The appearance of "new biotechnologies" including genetic engineering in the 1970s expanded the genetic frontiers of plant breeding to realms until then beyond the reach of traditional technology. The seed industry worked mainly with hybrids due to their "natural patent" over the resulting cultivars. Genetic engineering raised their interest in the varietal seed market, and in assuring greater "protection" for these cultivars as well. This explains the current trend towards laws that allow corporate plant breeders to own their cultivars, with the simultaneous loss by farmers of free access to these resources.

Brazil's Cultivars Act in many key points coincides with the structure created by UPOV-78, while it also contains provisions consonant with UPOV-91. In others it is even more rigid than either of these two versions, as we can see in the following comparison of its most controversial points with UPOV-78 and UPOV-91 provisions.
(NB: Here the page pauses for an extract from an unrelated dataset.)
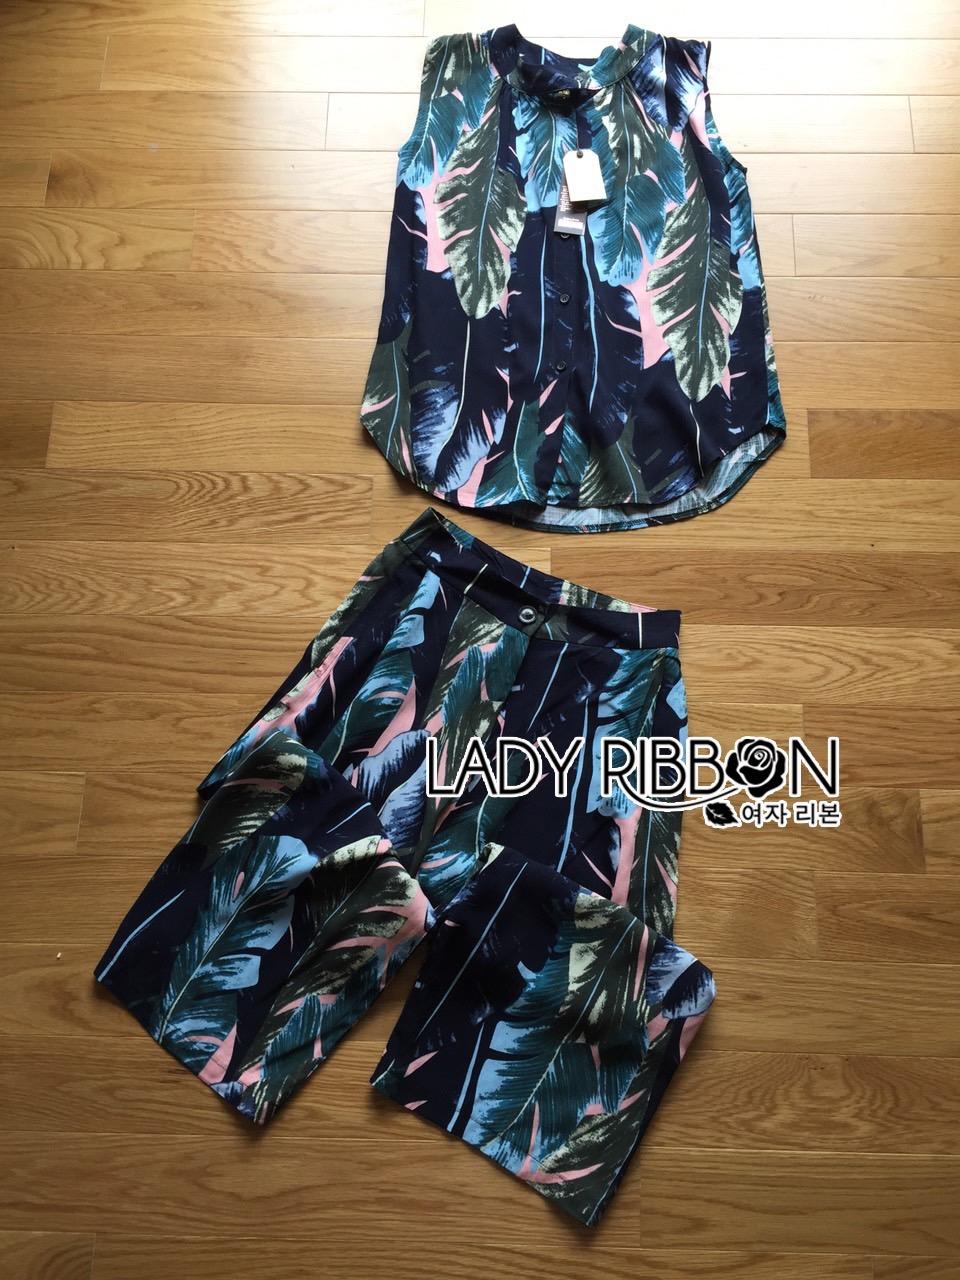 lady ribbon maxi dress

1. Article 2 of Brazil's 1997 Cultivars Act provides that the only legal form of protection of cultivars in the country is through the granting of the Cultivar Protection Certificate. The law thus precludes the so-called "double protection" of plants by both plant-breeders' rights and patents, as required by the terms of the 1978 UPOV Convention's Article 2(1). Yet we cannot forget the possibility of "virtual patents" (as coined by authors Adriano Soares and David Hathaway) under Brazil's Industrial Property Law, whereby plants may be subjected to patent rights granted over the use of biotechnological processes used to obtain them or over the genes transferred into their genomes from patented micro-organisms. So, at least for transgenic cultivars, there is still the possibility of double protection.
2. Articles 4 and 14 (items VII and X) require that, to qualify for protection, a cultivar must be: new, distinct, homogeneous and stable, thus coinciding with the terms of UPOV-91, as opposed to the UPOV-78 requirement that it simply be distinct, homogeneous and stable, with no reference to novelty or innovation.
3. Article 3/IX introduces the concept of an "essentially-derived cultivar," a notion introduced by UPOV-91 (Art. 14/V) and totally absent from the 1978 version. Brazil's law even goes beyond UPOV-91 in this case, by providing for the protection of cultivars that are "derived from the derived" cultivar (UPOV-91 stops at the first derivation). This expands the law's scope of protection and therefore the restrictions and costs imposed on farmers wishing to use these cultivars.
4. Article 4 says that protection will be available for cultivars of any plant genus or species, as soon as the law is published. This implies a potential for the immediate protection of all kinds of plants. This provision goes beyond UPOV-78 requirements, which sets out the largest possible number of botanical genus and species, but also allows for the possibility of excluding some species from protection. What is more, the law goes beyond UPOV-91 by setting a 10-year deadline for protection to be applied to all plant genes or species. Nonetheless, paragraph 3 in the same article does set out a timetable for the progressive inclusion of minimum numbers of species eligible for protection in accordance with the UPOV-78 deadlines.
5. Article 4 allows for the protection of any cultivar that has not been on the market for more than 12 months before the application. It also provides that, for cultivars used to obtain other "essentially-derived" cultivars, this period goes back to ten years before the filing date. This amounts to a retro-active "pipeline" provision²³, with restrictive repercussions on access to such material, particularly for other breeders, which goes far beyond the requirements of either UPOV-78 or UPOV-91.
6. Article 8 defines the rights granted to plant breeders over the material used to reproduce or multiply whole plants. Article 9 then guarantees the breeder the right to commercial reproduction in all of Brazil and bans anyone else from carrying out the commercial production, provision for sale or marketing of the cultivar's reproductive material until the protection expires, unless authorised by the original breeder. This provision fits into UPOV-78 requirements.
7. Article 10 provides for the so-called "farmer's privilege." Item I in this article states that property rights over the protected cultivar are not infringed by anyone who saves and plants seeds for their own use, on their own establishment (generally a farm) or on the establishment of third parties which they control. This point is in accordance with UPOV-78, and would be precluded by UPOV-91. Item IV in this article is even more generous to farmers than required by UPOV-78, since it allows small farmers to multiply seeds for donations or in-kind exchange with other small farmers, as part of financial or support programs for small farms sponsored by public agencies or non-governmental organisations, as authorised by the government.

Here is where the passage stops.